Discuss the physical interpretation of the derivative of a function. Provide examples where derivatives are used in real-life applications.

Describe the Fundamental Theorem of Calculus and explain how it bridges the concept of differentiation and integration.

Compare and contrast various techniques of integration such as substitution, integration by parts, and partial fractions.

Define a convergent series and discuss the tests for convergence. Provide examples of conditionally convergent series.

What are vector spaces and why are they fundamental in linear algebra?

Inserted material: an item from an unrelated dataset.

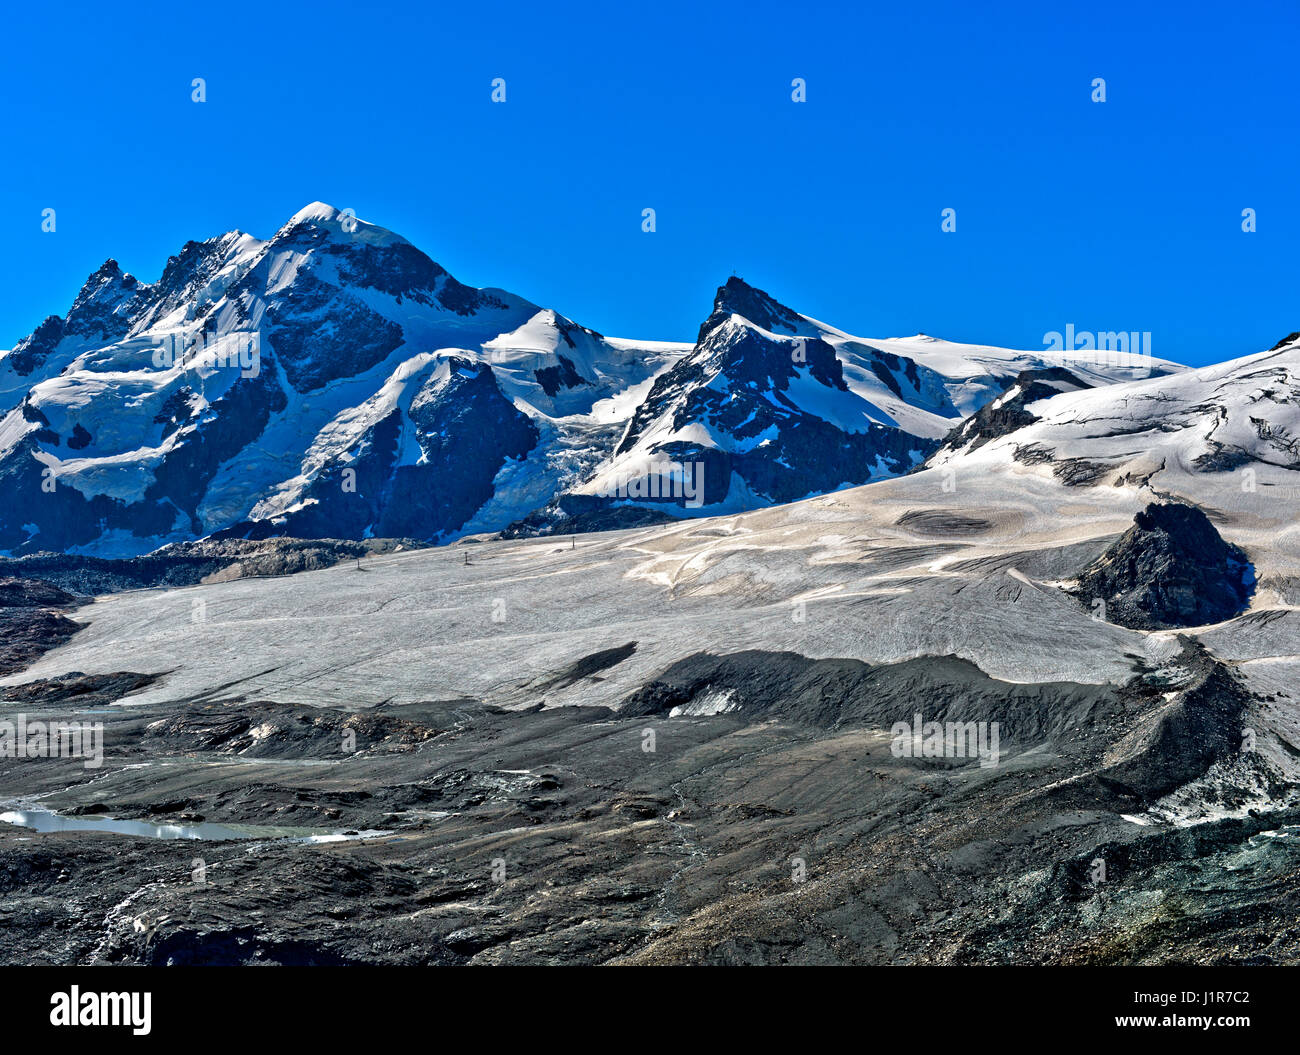 Breithorn and Klein Matterhorn summits, Theodul glacier, Zermatt, Canton of Valais, Switzerland Stock Photo

Provide examples of vector spaces other than R^n.

Discuss the relationship between matrices and linear transformations. How do matrices represent linear transformations in different bases?

Explain the significance of eigenvalues and eigenvectors in solving systems of linear equations and in other applications such as stability analysis.

Define an ordinary differential equation (ODE) and discuss the methods to solve first-order ODEs.

Provide examples of how differential equations are used to model real-world phenomena in physics, engineering, or economics.

**Practical Questions**

Evaluate the limit (\lim_{x \to 2} \frac{x^2 – 4}{x – 2}).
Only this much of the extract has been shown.